BAILEY It's had a little trauma, but by and large it's a
good heart.
NARRATION While waiting for Bailey's decision, the transplant
team has been preparing Colleen to receive the heart. The
process began several hours ago as bags of ice were used to
chill her body. Ail her blood will be drained from her before
the operation -and only if she's chilled to thirty degrees
Fahrenheit below her normal temperature will her brain survive
the hour or so the operation will take. Bailey carries the
donor heart, itself chilled in ice water, from the donor operating
room next door to Colleen's. With every moment, the heart
is slowly dying. By now Colleen's body temperature has been
lowered to sixty-four degrees Fahrenheit.
BAILEY Is the cooling even?
ASSISTANT Cooling nicely, sir.
NARRATION And Colleen's entire blood supply -- just eight
ounces -- is drained off. Even the slightest flow of blood
would make the delicate cutting and stitching of arteries
and veins impossible. The clamp isolates Colleen from her
blood -- and the surgery can begin.
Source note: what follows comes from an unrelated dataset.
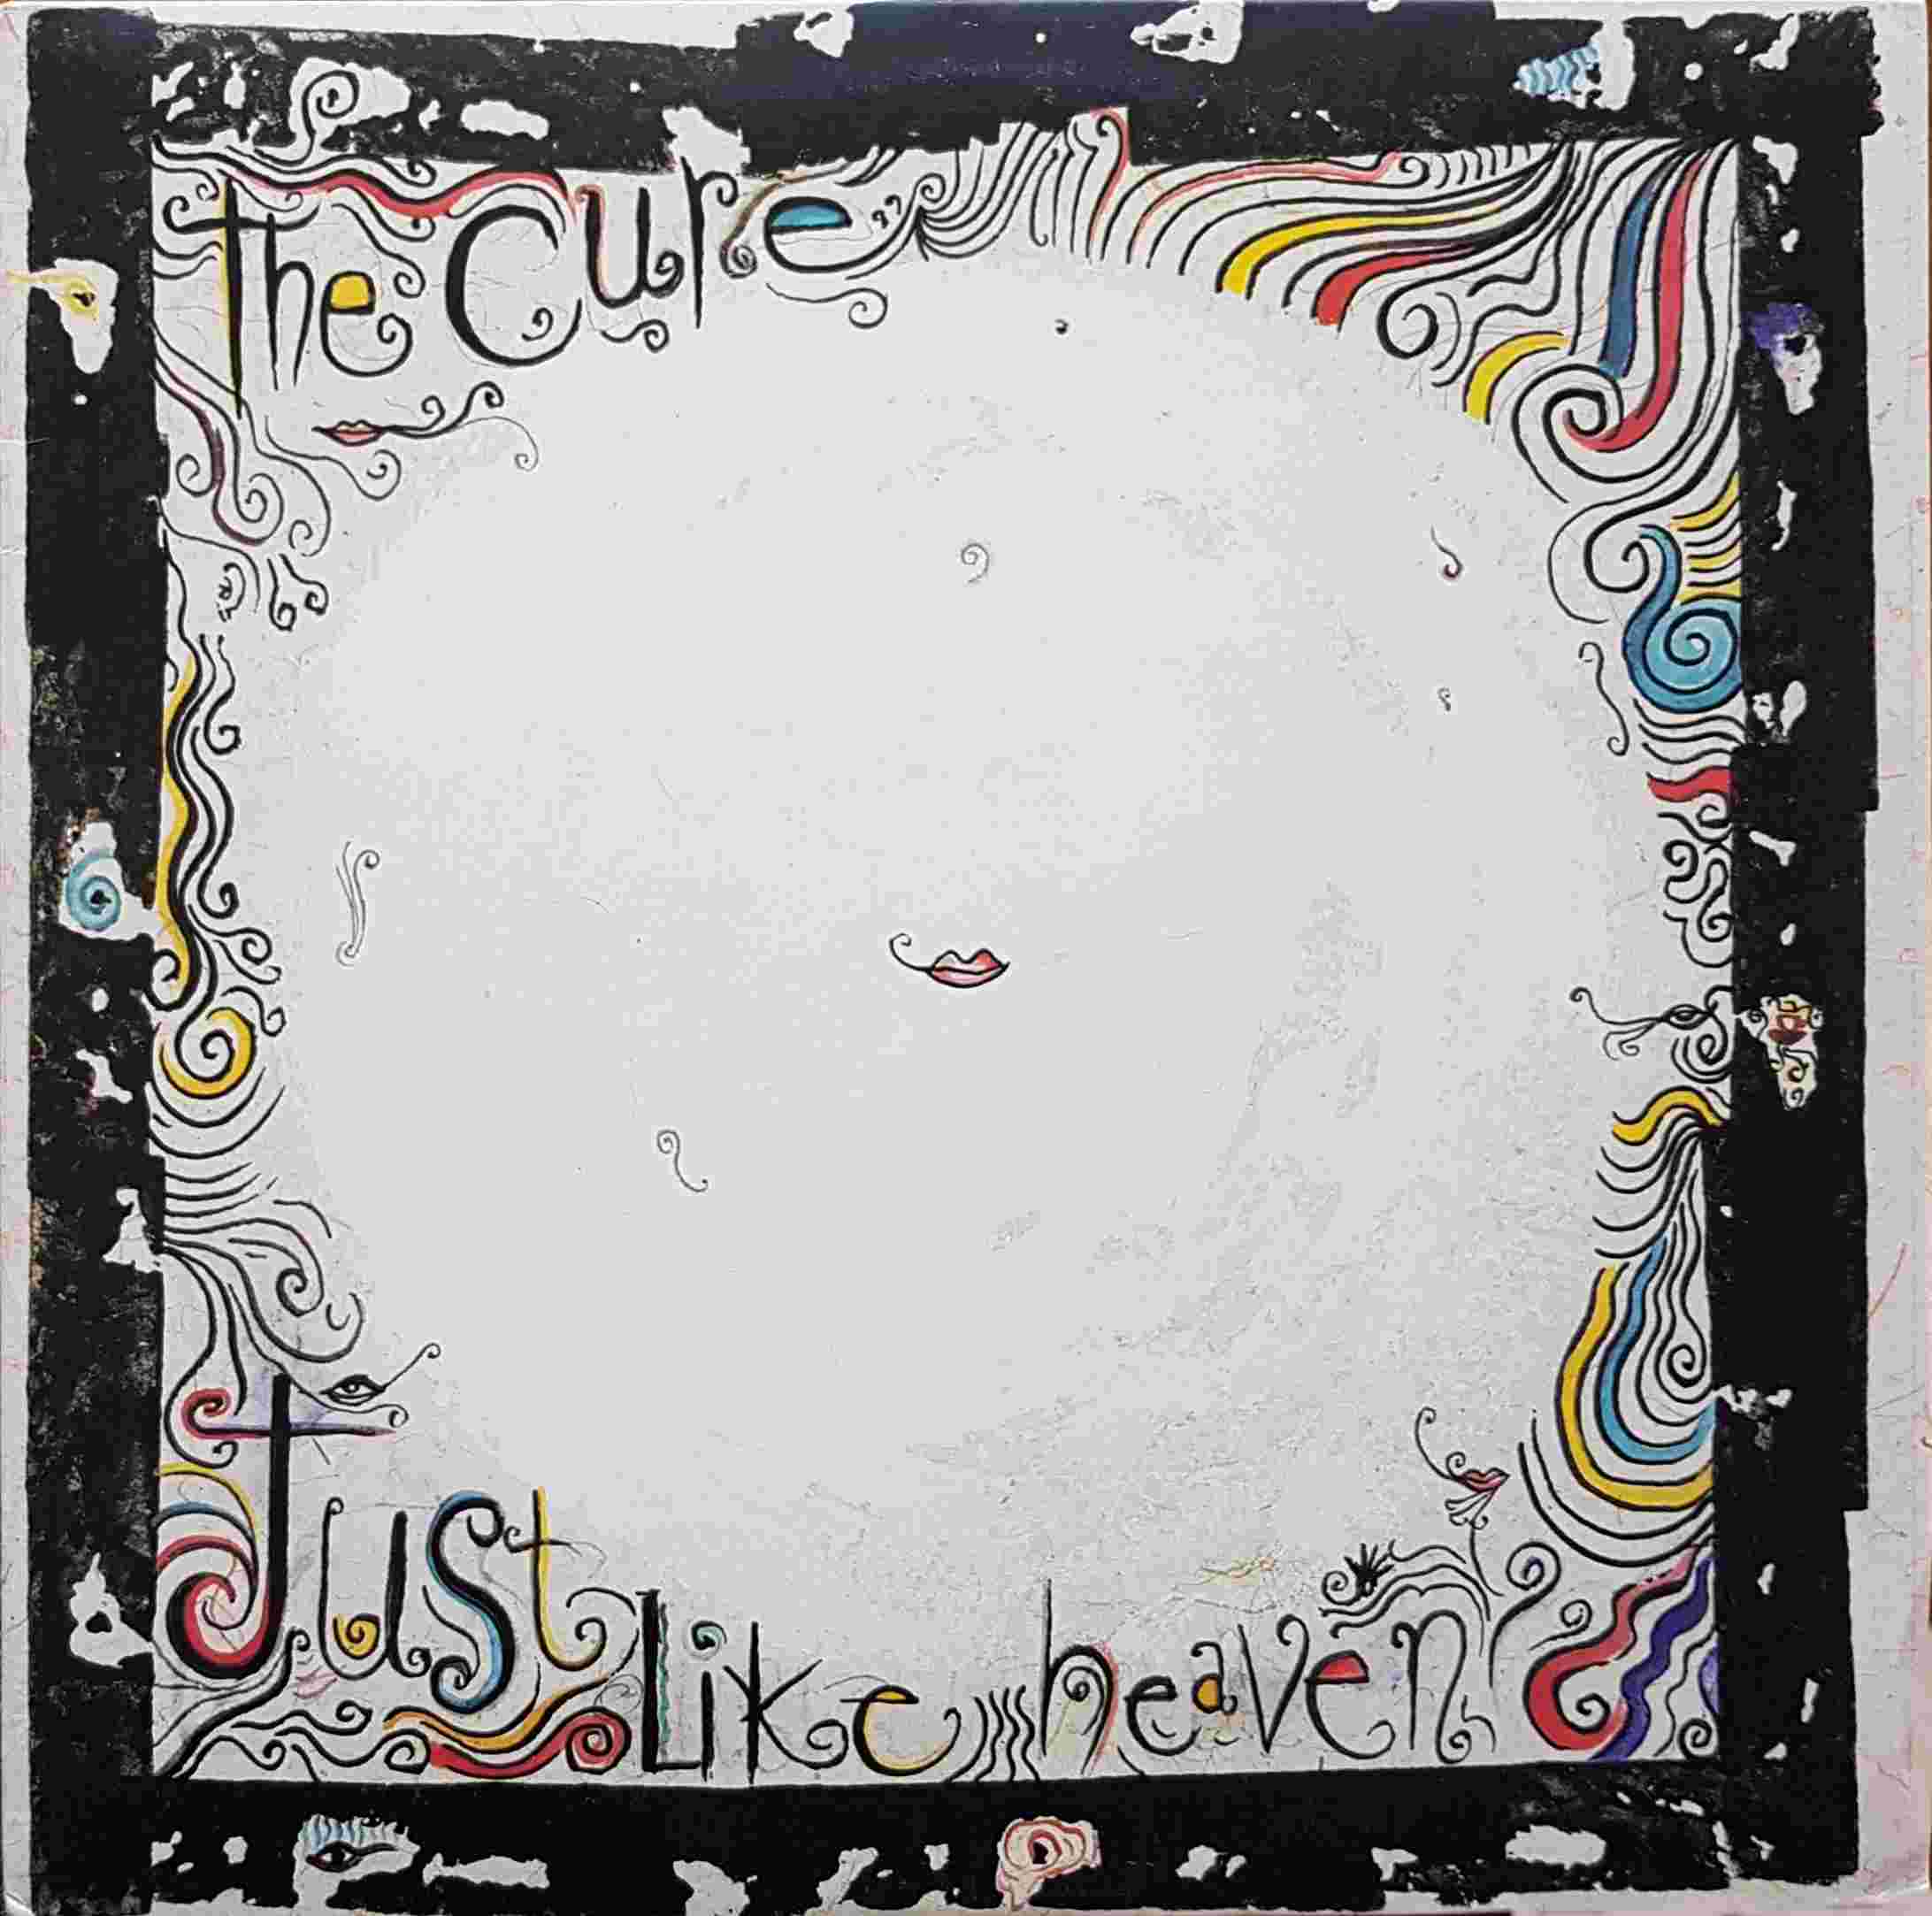 Picture of Just like Heaven by artist The Cure

First Colleen's own, useless
heart is removed.
BAILEY This baby is about to be the best it's ever been.
NARRATION The donor heart is made ready to stitch into place.
Bailey connects it to Colleen's blood vessels -- and then
slowly, her blood is returned. Now comes the critical moment.
The ice bags are removed, allowing Colleen's body temperature
to rise. Now, it's up to Colleen.
BAILEY All right. Lungs are working.
NARRATION But will the heart work in its new body? In case
it needs a jolt to start it, electric paddles are standing
by. But within moments, Colleen's new heart starts up by itself.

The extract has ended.